## TASK DESCRIPTION
The output is a word-for-word repeat of the listing below, free of images.

## DATA SECTION
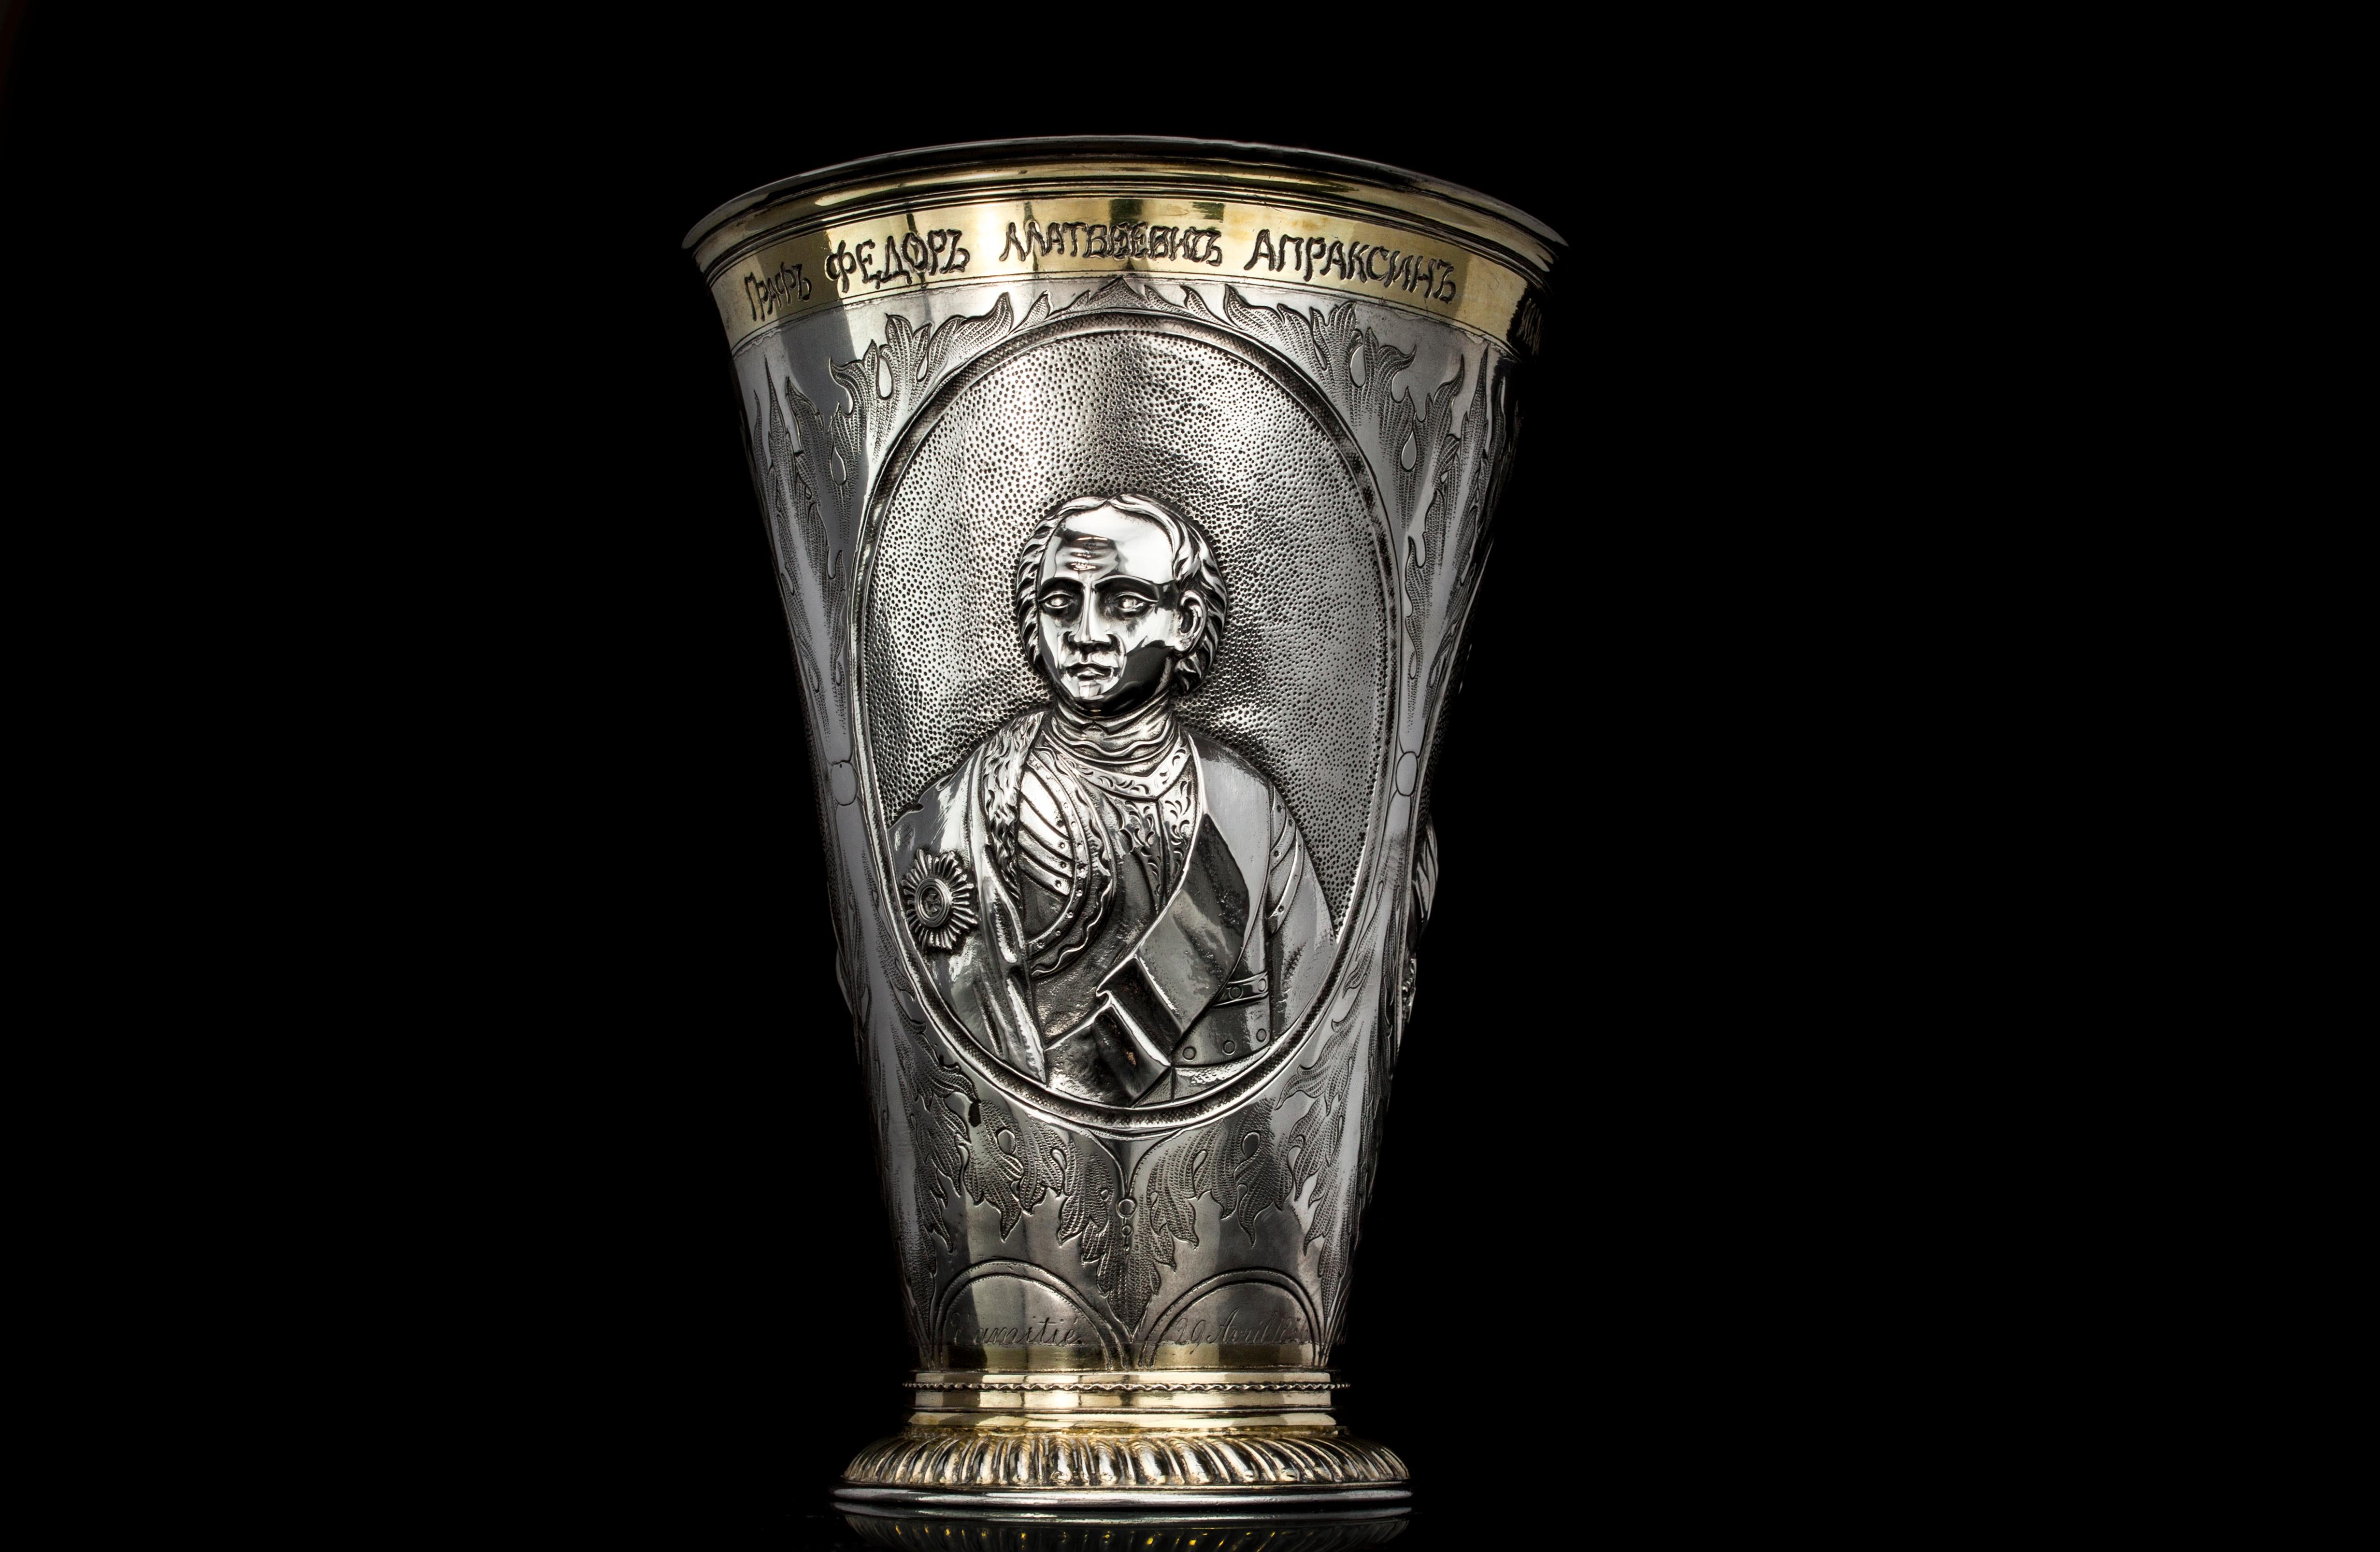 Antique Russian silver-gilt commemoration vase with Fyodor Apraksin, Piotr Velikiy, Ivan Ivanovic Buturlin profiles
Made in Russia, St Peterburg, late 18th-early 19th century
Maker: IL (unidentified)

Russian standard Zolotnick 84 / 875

## RESPONSE BOX
 Antique Russian silver-gilt commemoration vase with Fyodor Apraksin, Piotr Velikiy, Ivan Ivanovic Buturlin profiles
Made in Russia, St Peterburg, late 18th-early 19th century
Maker: IL (unidentified)

Russian standard Zolotnick 84 / 875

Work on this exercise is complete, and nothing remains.